Excerpted records
*** Block opens ***

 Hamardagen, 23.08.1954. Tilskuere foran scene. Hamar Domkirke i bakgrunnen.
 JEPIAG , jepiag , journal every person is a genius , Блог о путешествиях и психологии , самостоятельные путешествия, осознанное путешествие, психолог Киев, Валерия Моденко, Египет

*** Block closes ***
*** Block opens ***

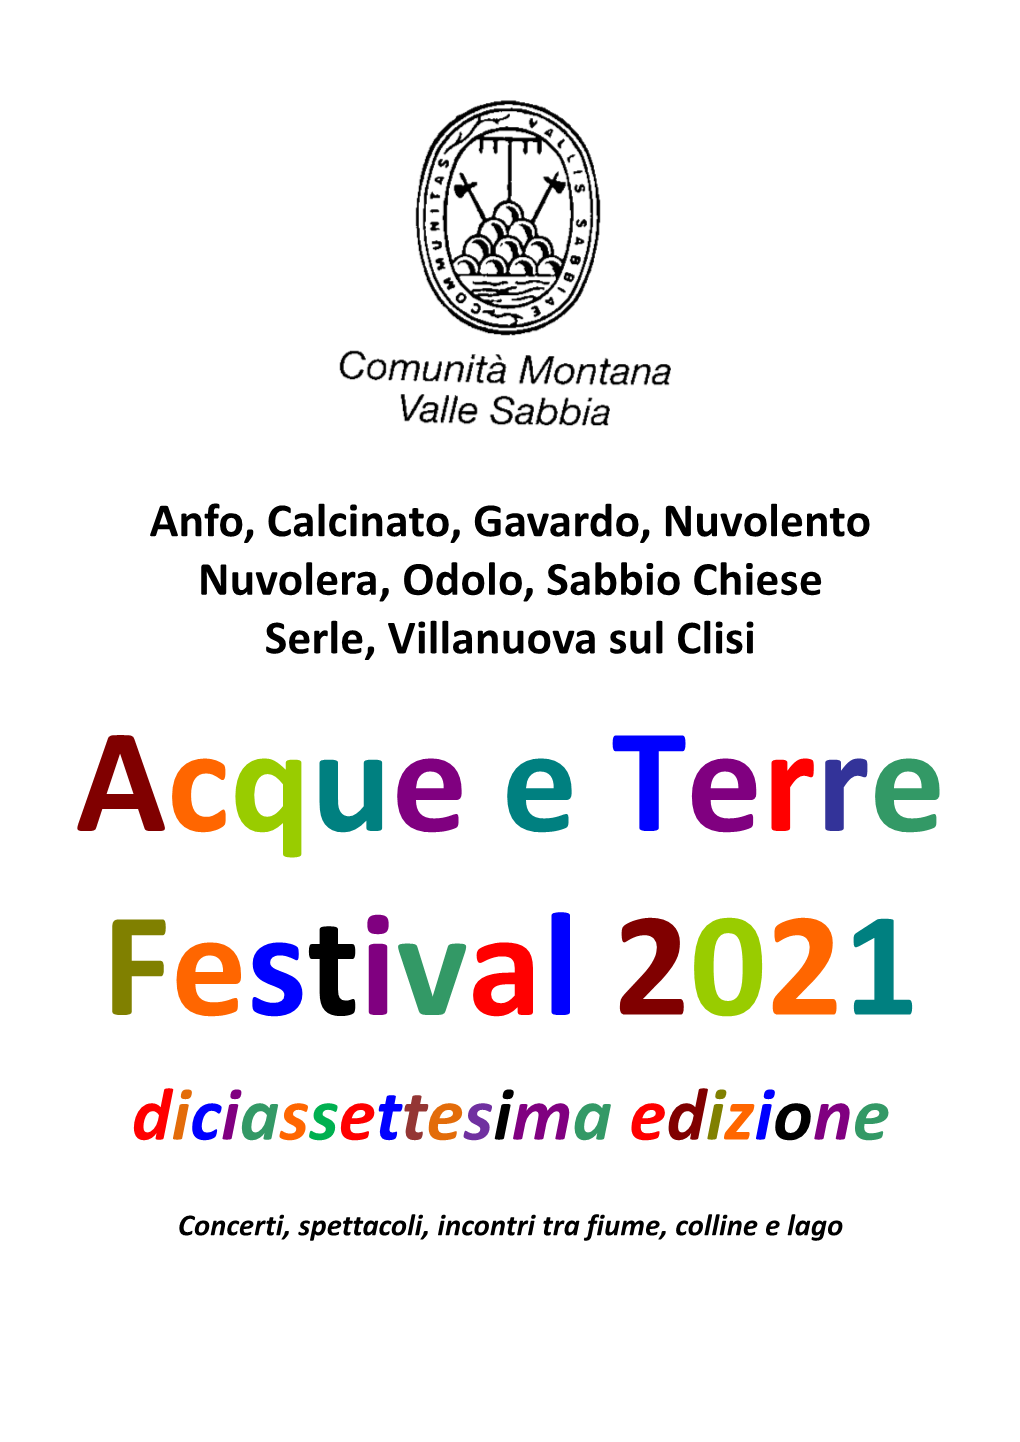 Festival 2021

*** Block closes ***

Assigned task
Of the entries above, repeat exactly the lines between the line with "Hamardagen, 23.08.1954. Tilskuere" and the line with "JEPIAG , jepiag", inclusive, and no others.

Final answer
 Hamardagen, 23.08.1954. Tilskuere foran scene. Hamar Domkirke i bakgrunnen.
 JEPIAG , jepiag , journal every person is a genius , Блог о путешествиях и психологии , самостоятельные путешествия, осознанное путешествие, психолог Киев, Валерия Моденко, Египет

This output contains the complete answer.